++++ RECORDED INFORMATION

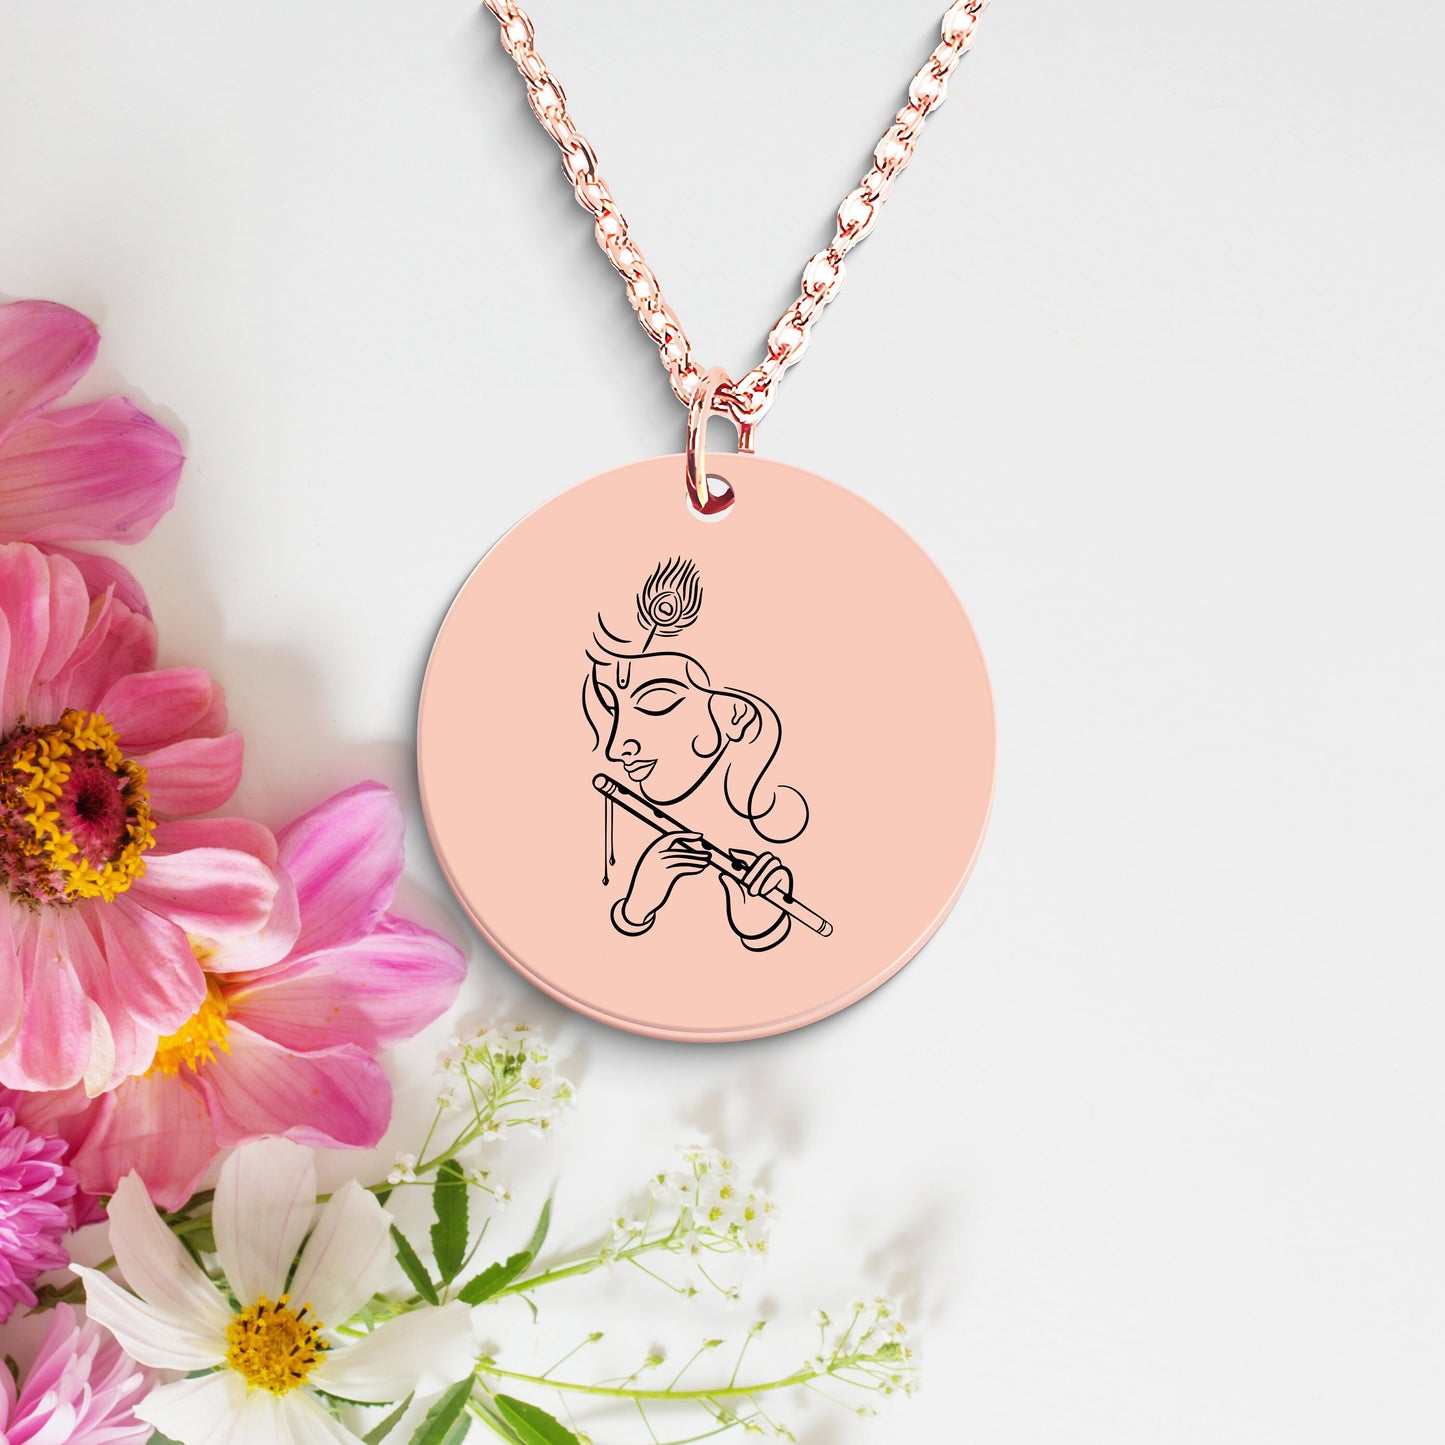 Hindu God Coin Necklace - Personalizable Gift
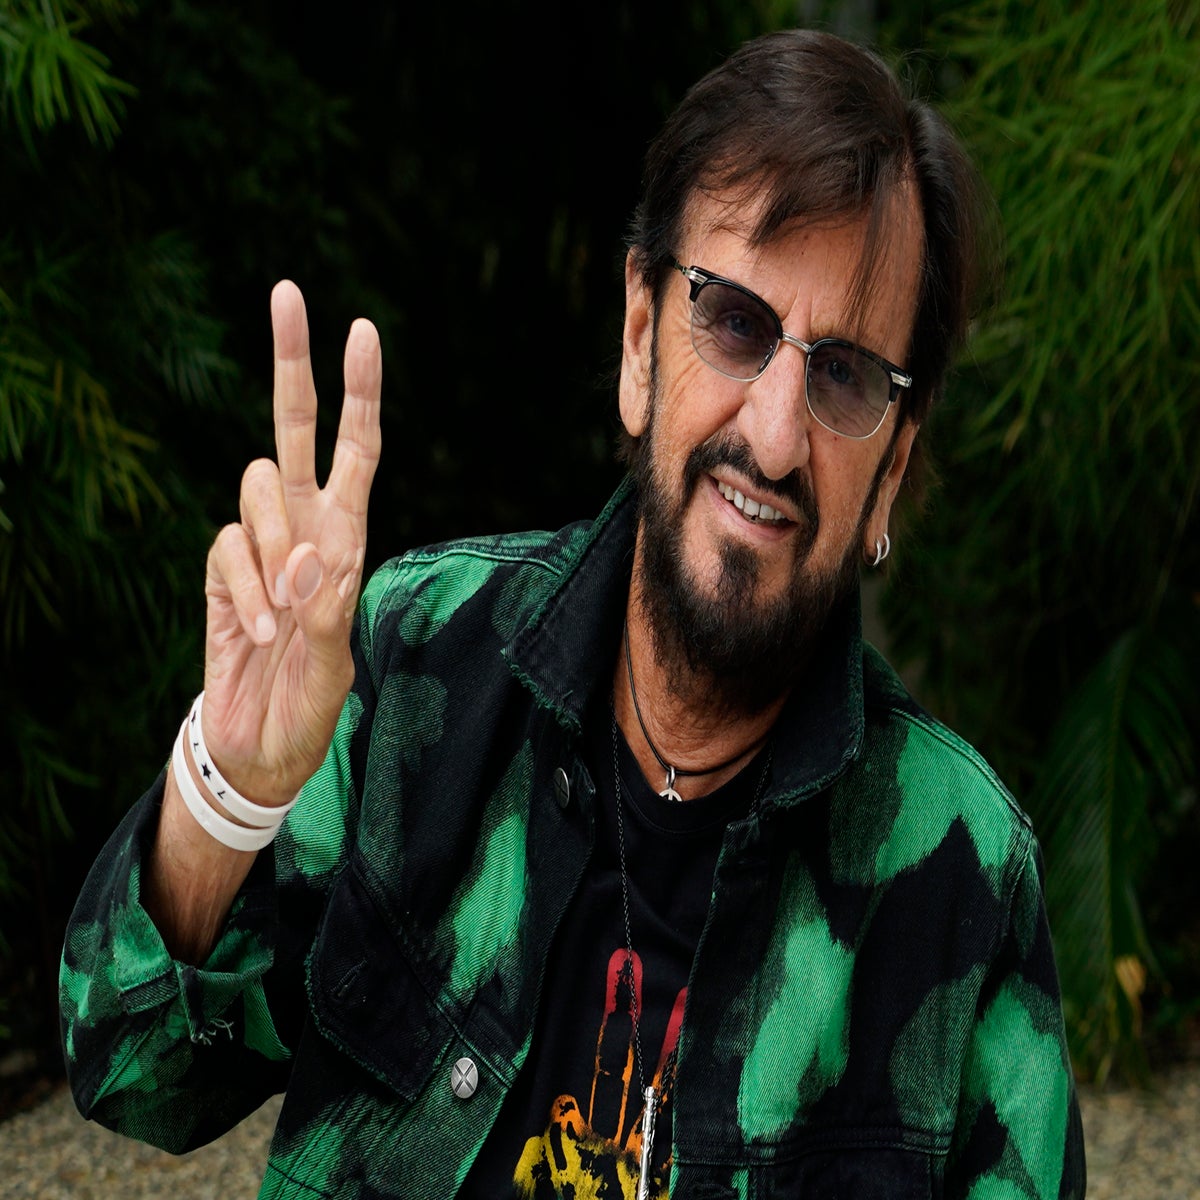 https://static.independent.co.uk/2023/09/28/14/Ringo_Starr_Portrait_Session_02421.jpg?width=1200&height=1200&fit=crop
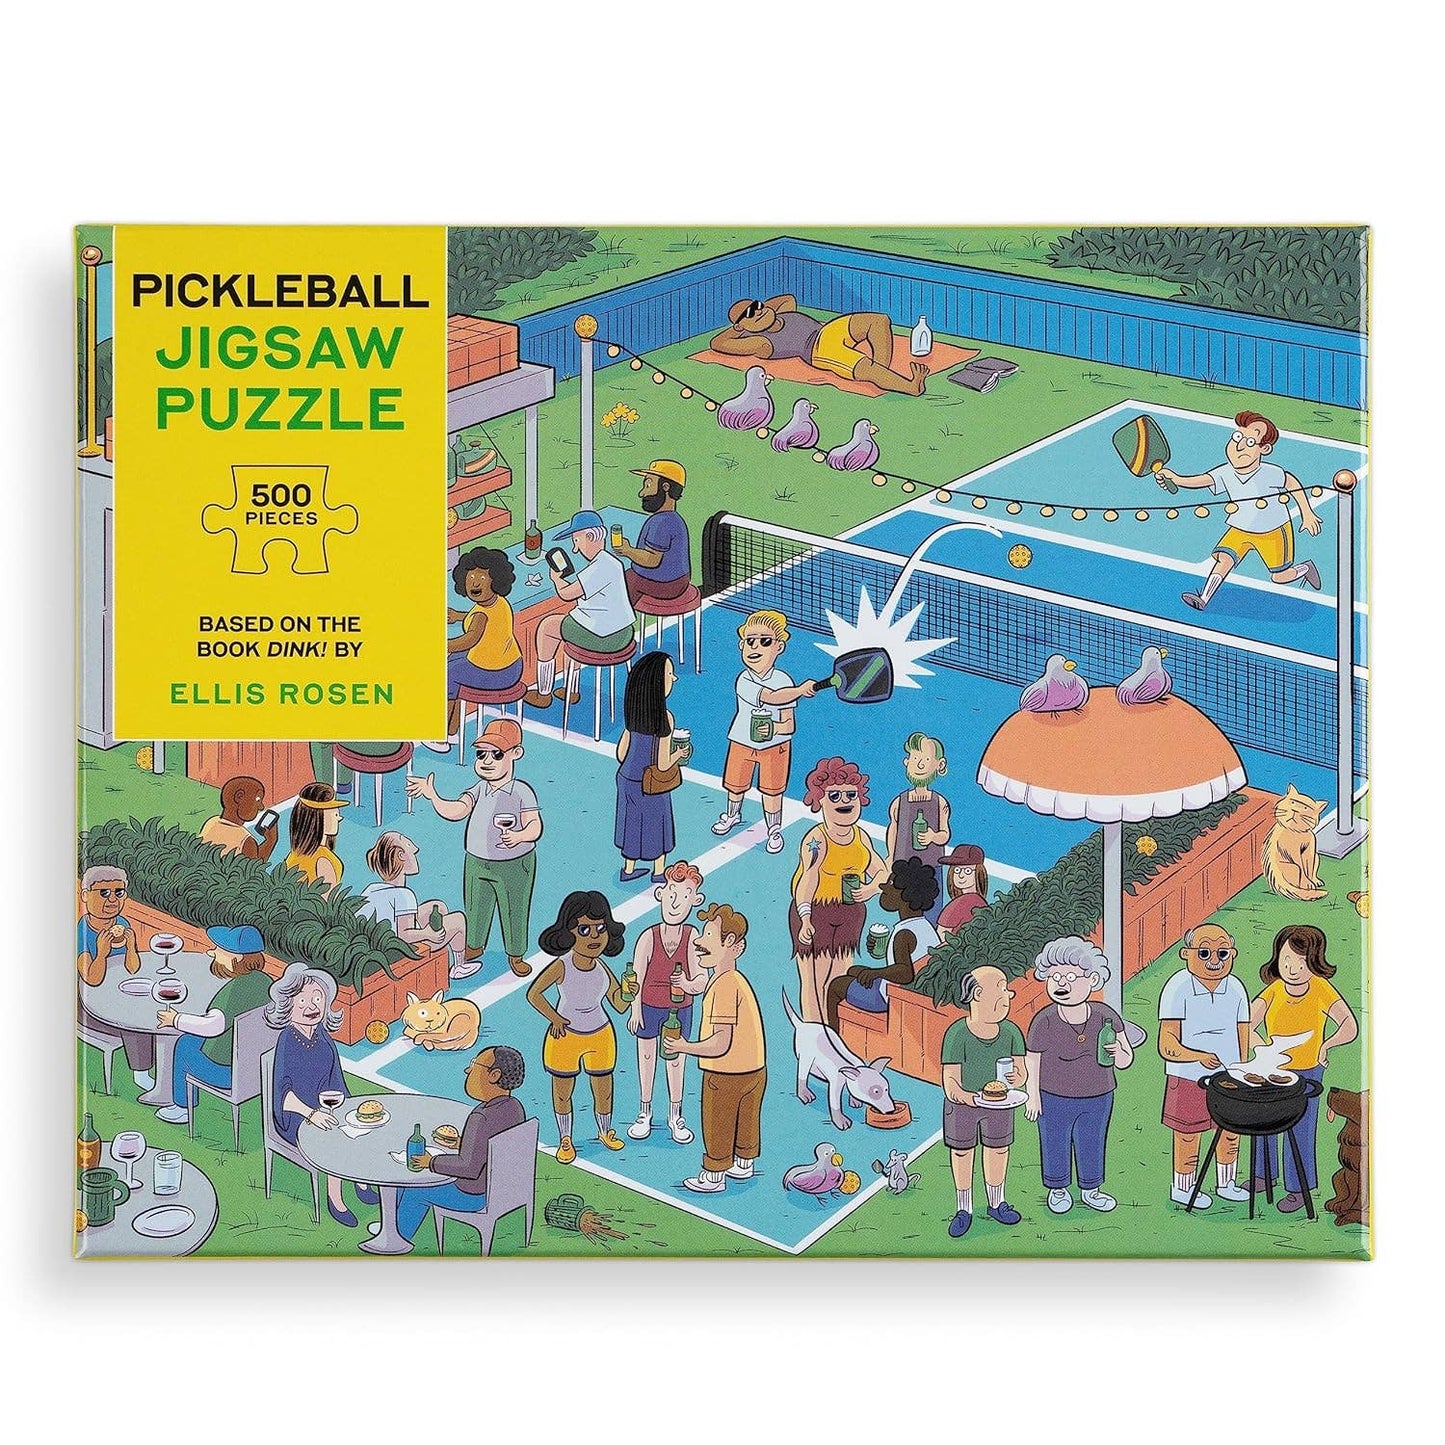 Pickleball Jigsaw Puzzle: Based on the Book Dink!

++++++++

Without including any pictures, reproduce the listing exactly.

:: ANSWER TO THIS EXERCISE ::
 Hindu God Coin Necklace - Personalizable Gift
 https://static.independent.co.uk/2023/09/28/14/Ringo_Starr_Portrait_Session_02421.jpg?width=1200&height=1200&fit=crop
 Pickleball Jigsaw Puzzle: Based on the Book Dink!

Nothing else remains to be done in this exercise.